Prometheus (15)

Directed by Ridley Scott
Written by Jon Spaihts and Damon Lindelof

Reviewed by Kev McCready 10/10/2012

As it skulks shamelessly onto DVD, Prometheus looks more and more like the ruination of successful franchise. To quote Kim Newman, if Star Wars was The Beatles, Alien was The Rolling Stones. I enjoy the Star Wars films, the prequels less so. The Alien films vary in quality, the most recent being the filmic equivalent of an empty birthday present, but have a greater cultural significance in terms of how they portray women, their depiction of the working classes, their politics.

On paper, Alien has its roots in the films of the time, suspense thrillers like Jaws, the stalk ‘n’ slash of Halloween. Look at a little closer, and you will see something different, blue collar slobs sent to their deaths by an evil corporation (“The Company”, or Weyland-Yutani as any fanboy will tell you). This theme, the callousness of the corporate mind is repeated throughout the series. However, it’s never more apparent as it is here. These are the crew of a freighter on their way from a long space voyage, the ship itself is called The Nostromo, one of the series many allusions to the sea-faring novels of Joseph Conrad. The implication is that the working classes are cannon fodder for the ruling class.

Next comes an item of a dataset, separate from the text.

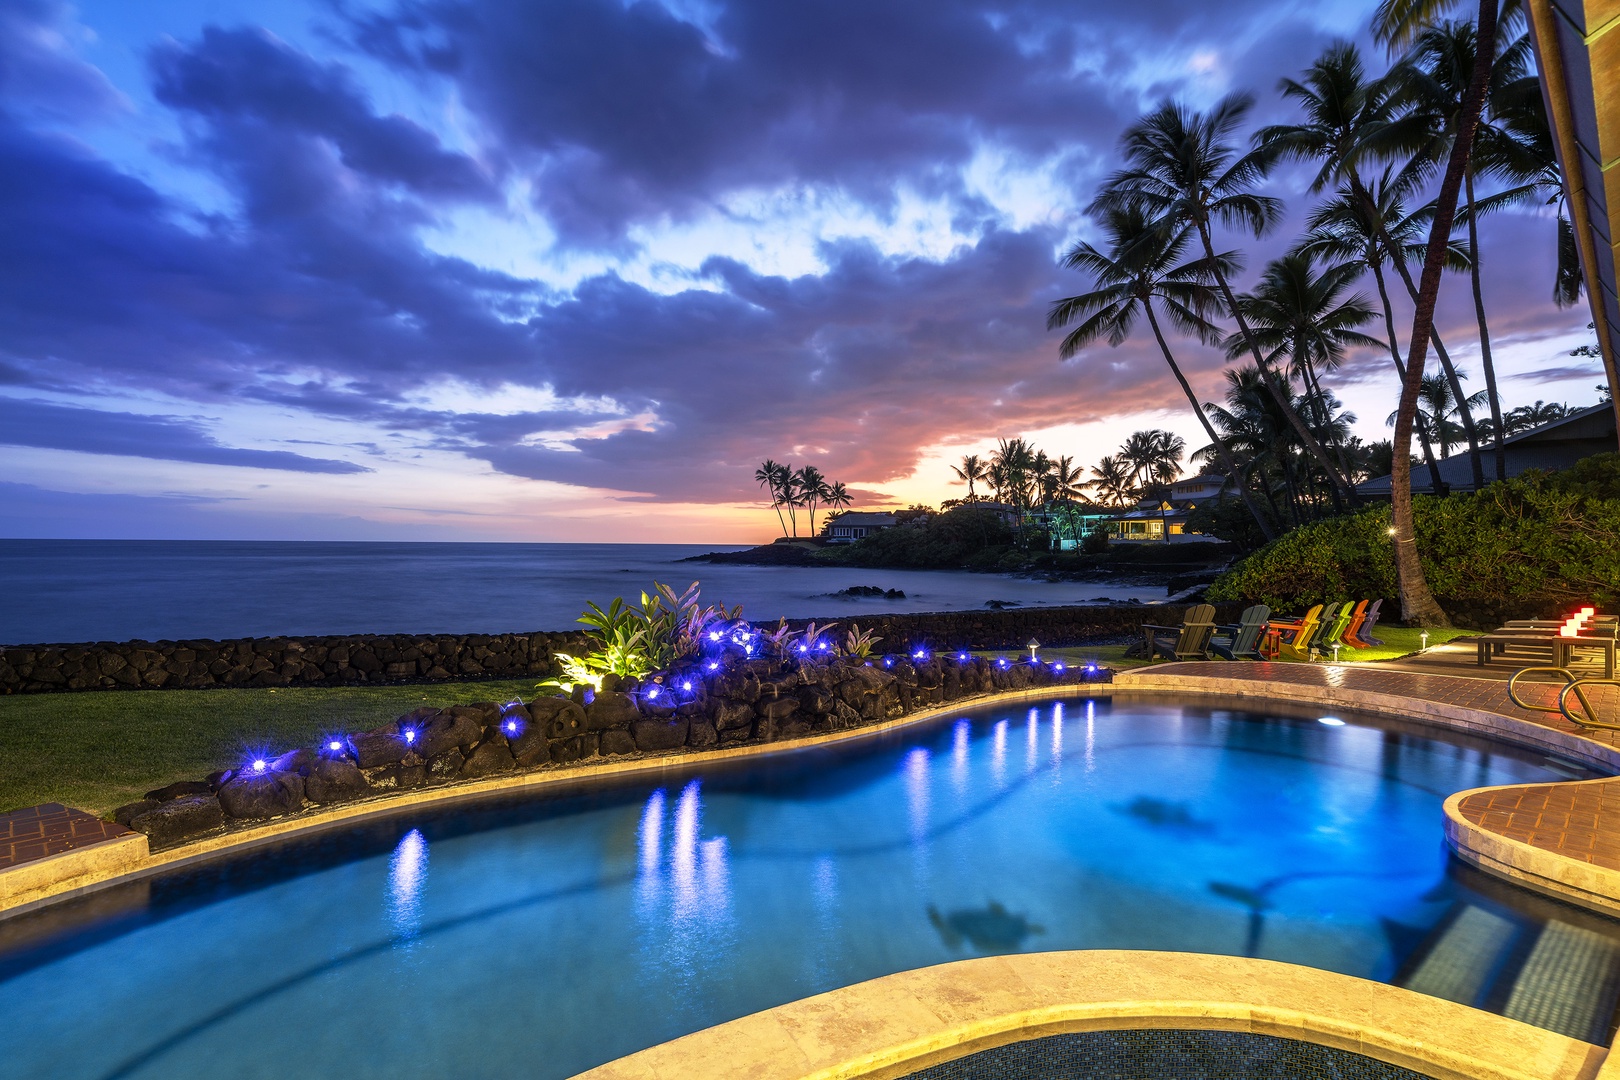 Kailua Kona Vacation Rentals, Hale Pua - Just as the sets into the horizon line!
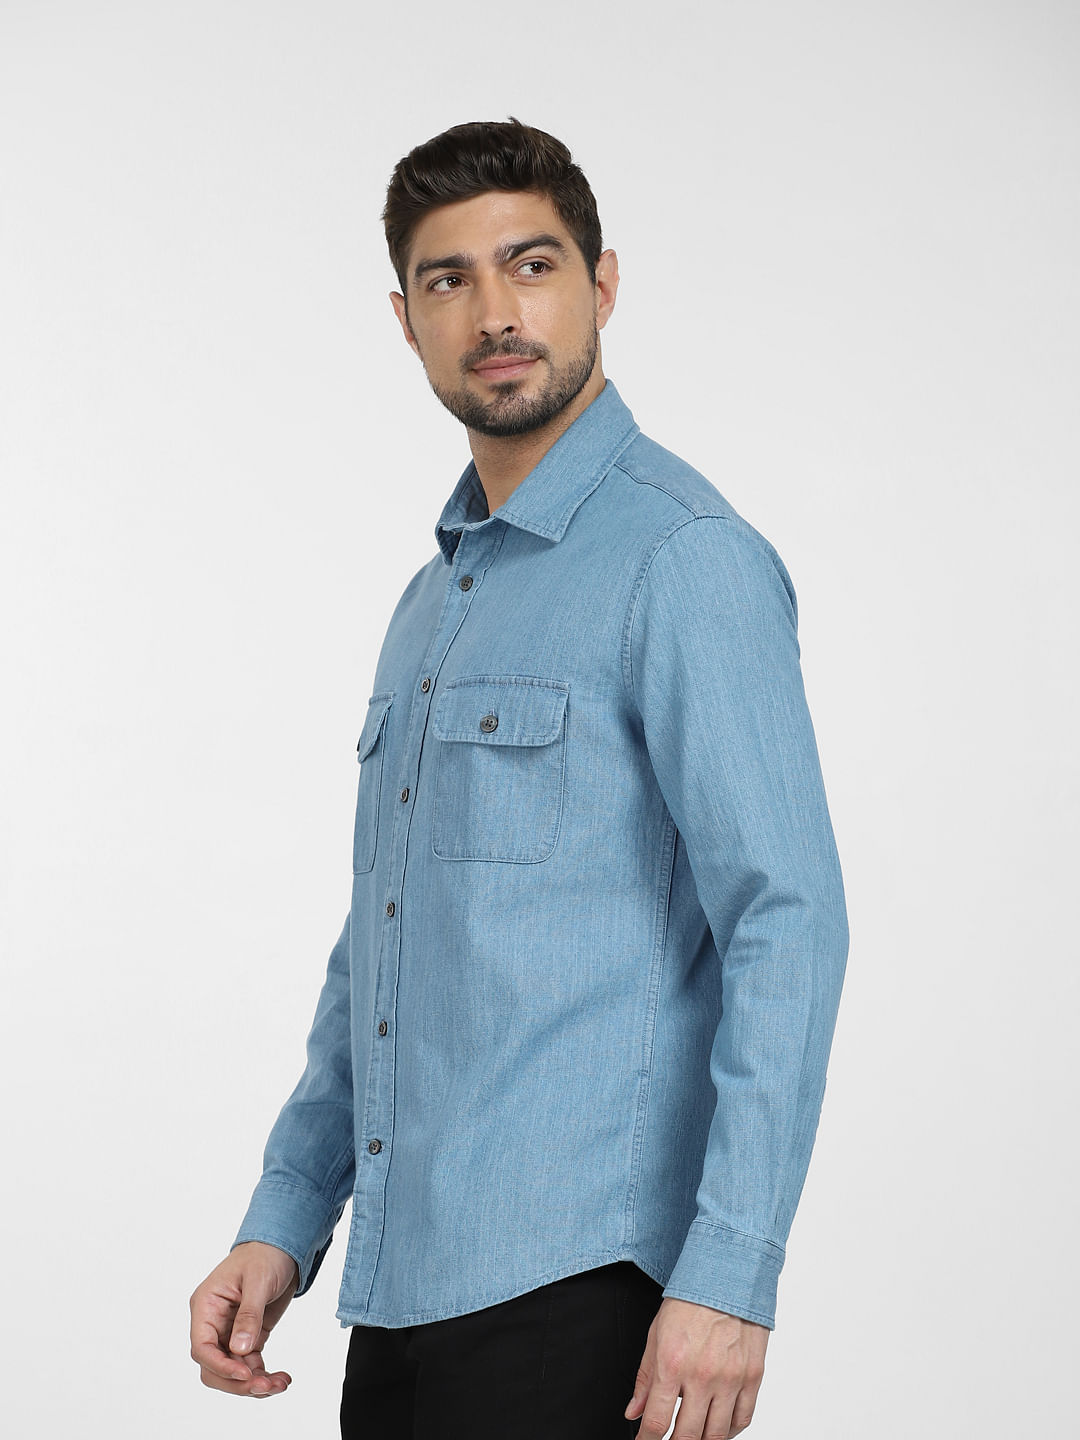 Buy light blue double pocket men's denim shirt-North Republic

The Alien itself is an interesting creature, a perfectly adapted, murderous beast. As the android Ash says “a survivor, unclouded by conscience, remorse or delusions of morality”. Designed by the Swiss artist HR Giger it resembles, let’s be blunt about it, a penis on legs. The “facehugger” which creates it, has what looks to be a vaginal opening. The Alien is born from a living host, in some grotesque parody of birth. All this is a summation of the Freudian fear of sex and death. Prometheus continues this sort of Cronenbergian “body horror”, though not as successfully or as subtlety, with a parasite transmitted through sex. Alien is a lurking reminder of the psycho-sexual disgust of sexual contact, and all that it entails.

Let’s not forget that all the films have a female protagonist, most notably and classically Sigourney Weaver as Ripley. A woman, yes but also a Mother, who is born and re-born, literally and metaphorically throughout the series. Aliens sees her dealing with the death of her daughter, eight years old when she left Earth half a century ago. She becomes a surrogate Mother to Newt, and battles another Mother, The Alien Queen. Two 'women' in biomechanical suits, fighting for the soul of a small girl. This is some kind of divine cross, as if someone had decided to write radical feminist manga. Later in the series, Ripley sees The Alien as tenderly as a past lover, and relishes the strength that the cross of her own/Alien DNA gives her.

With such rich, intelligent, political themes, it remains a mystery why Prometheus remains such a huge, clunking, expensive disappointment. It nods to the myths and legends of the previous films, but leaves that in favour of character actors getting brutally murdered. The main reason the film exists seems to be for what is called 'ret-con' (retro-active continuity, explaining events in a later film by way of a prequel). After two tiresome hours, it conveniently leaves the airlock open for yet another prequel. Despite underwhelming box-office, Paradise is slated for release in 2014.

The film’s saving grace is Michael Fassbender as the ship’s android, David. Although just as duplicitous as previous models, he is curious of humanity, learning Arabic by watching Laurence of Arabia, both supportive and inquisitive of the crew. It is an effortless, curious brave performance from a talented actor, but it doesn’t make up for the sheer, cack-handed, mess of a film that it is. Prometheus was unnecessary, a dumb piece of a cinema without a shred of its parents' intelligence.